With the onset of the data retention requirements recently handed down by the federal government, storage industry professionals are taking the first steps in a rather daunting process of significantly changing how information is managed and retained. And, as with any new requirements, the issues that storage professionals are now facing will likely change and evolve over the next five years and possibly make the storage administrator’s job even more complicated.

Wayne Lam, vice president of professional services at FalconStor, says that backup windows will be squeezed tighter than ever and that storage administrators will more and more have to look for storage solutions that can meet both everyday needs and the requirements of federal regulations. In order to help ease the burden that many storage administrators face, Lam says that they will need to implement the following:

  • Solutions that lower TCO so that cost-effective disks can be used
  • Solutions that include instant (full, incremental, and differential) point-in-time snapshot-based backup disks for immediate, easy recovery of individual files and records, and/or entire volumes via granular rollback
  • Accelerated backups with little or no impact on application servers to eliminate the need for a backup window
  • Transactional integrity and point-in-time consistency when backing up databases and message stores with application-specific snapshots

According to Mehran Hadipour, vice president of marketing at Kashya, Inc., all major storage networking vendors (Brocade, Cisco, and McDATA) are deploying intelligent switches with sophisticated applications running on the storage network that provide data retention services for the heterogeneous storage on the network. “These solutions will reduce the cost of data protection and enable deployment of a single flexible solution for enterprise data,” says Hadipour.

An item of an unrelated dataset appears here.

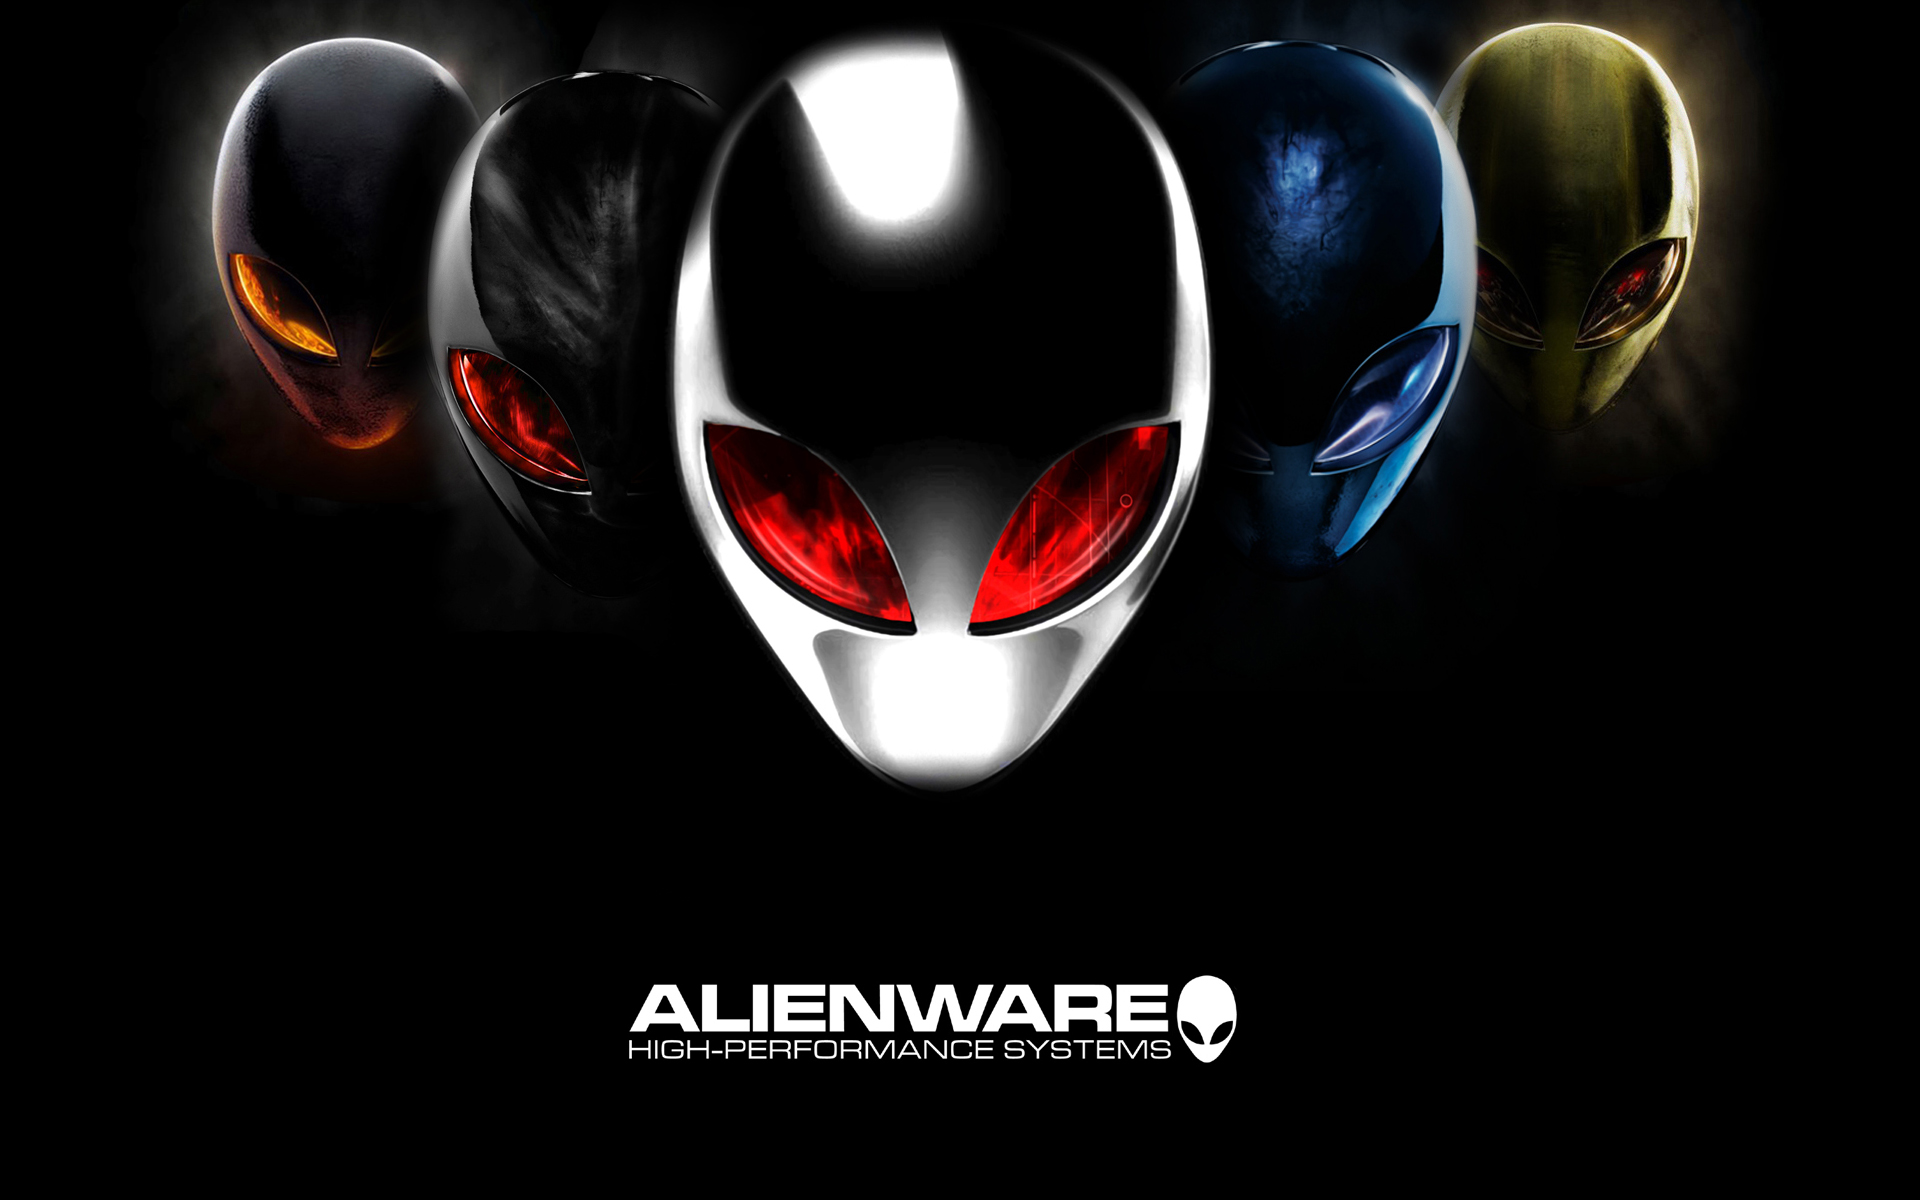 HD Alienware Wallpapers 1920x1080 & Alienware Backgrounds for

Getting Ready for Future Data Retention Rules

Although it may seem like a pretty dreary picture, there are things that storage administrators can do now to get the ball rolling in preparing for future data retention rules. Lou Harvey, technical business architect at Maranti Networks, says that one of the most important things is ensuring that the infrastructure is able to support the regulatory requirements.

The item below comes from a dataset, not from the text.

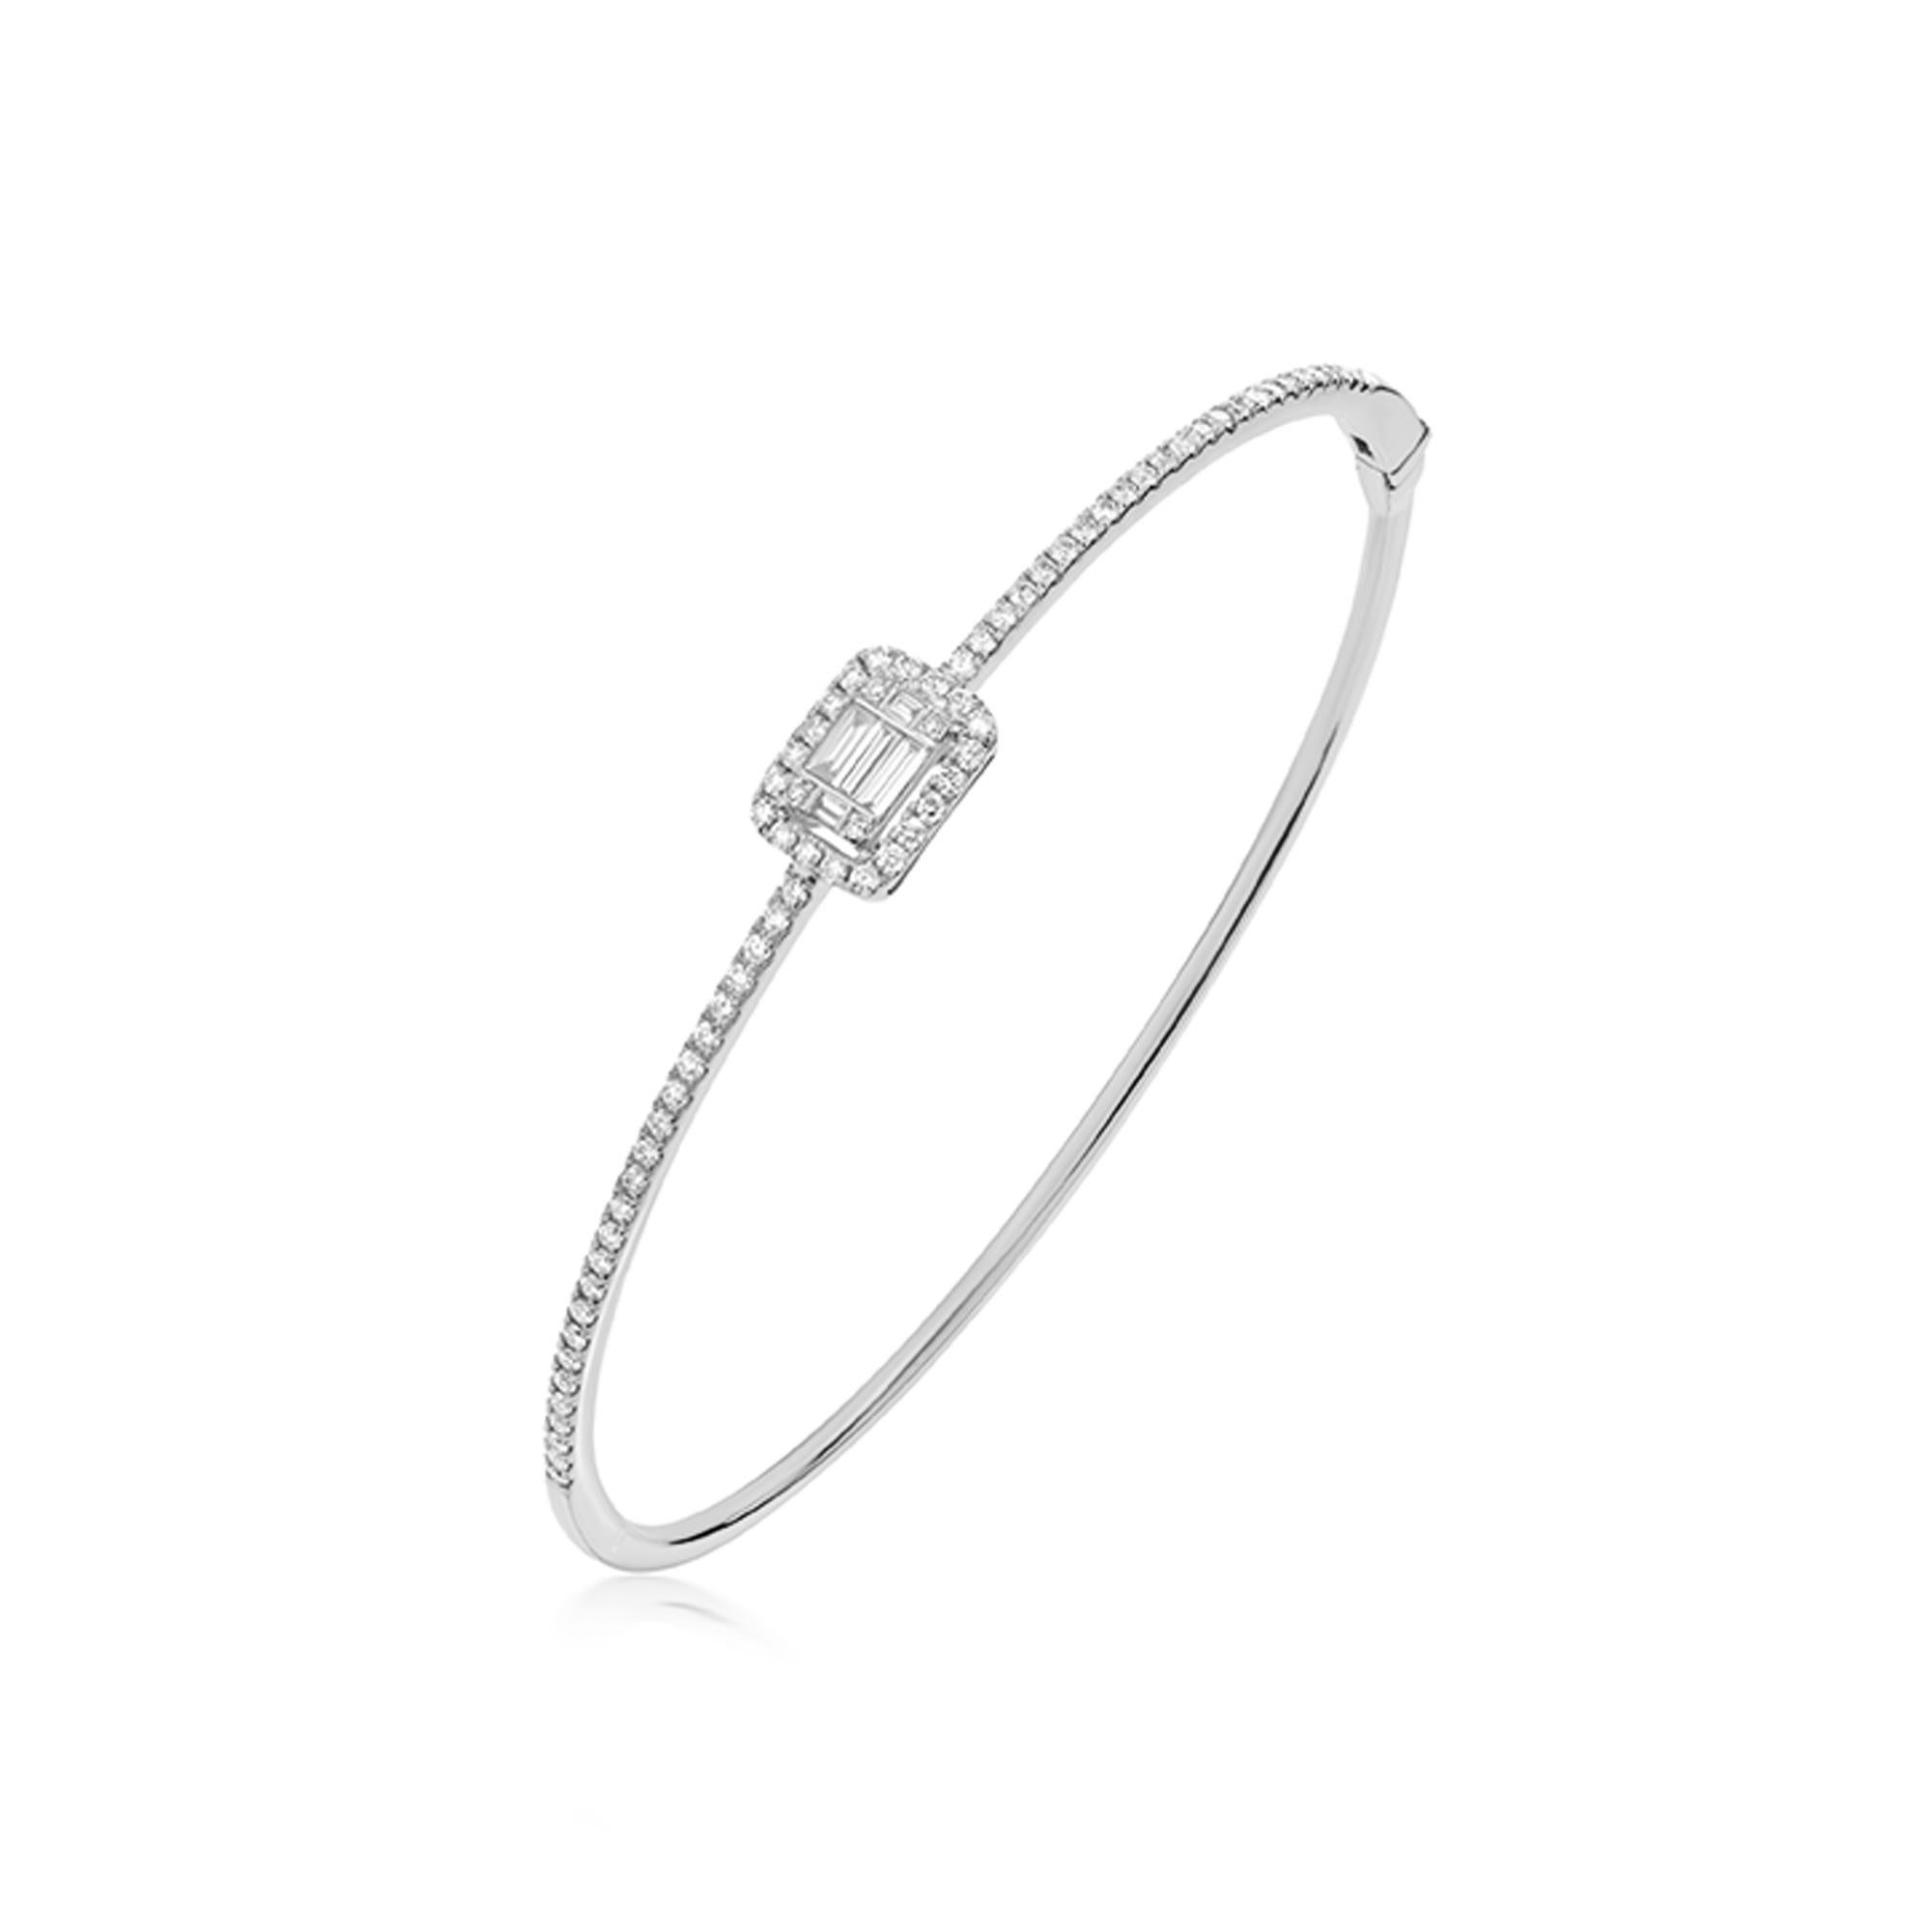 Des diamants blancs baguette et ronds de taille normale rehaussent le quotient glam de ce bracelet élégant, serti en micro pavé et en serti illusion. Les diamants sont de pureté SI1 et de couleur GH, et pèsent 0,66 carat. Éblouissez-vous et touchez

“The key is proactive assessment of data flows in conjunction with all the business layers within a company, using ISO 9000-based methods and procedures,” says Harvey. “This will allow discovery, assessment, and documentation of the current challenges, and will allow a managed process and re-engineering of the baseline business processes through retention requirements by data class and business role.”

Harvey also points out that storage administrators can work on standardizing the retention and management of the document repository services. And, he says, storage administrators must begin to invest in networked retention and management infrastructures that support acquisition, retention, and automated destruction processes to meet and support these baseline business processes. And finally, administrators can use intelligent architecture policies that are enforced within an application-aware storage network infrastructure.

Page 2: Making Life Easier

Making Life Easier

Another issue facing storage administrators is defining what current and emerging storage technologies will make satisfying regulatory requirements easier in the future. Jon Toor, director of product marketing at OnStor, says that today a large part of the regulatory issue is simply understanding the requirements themselves.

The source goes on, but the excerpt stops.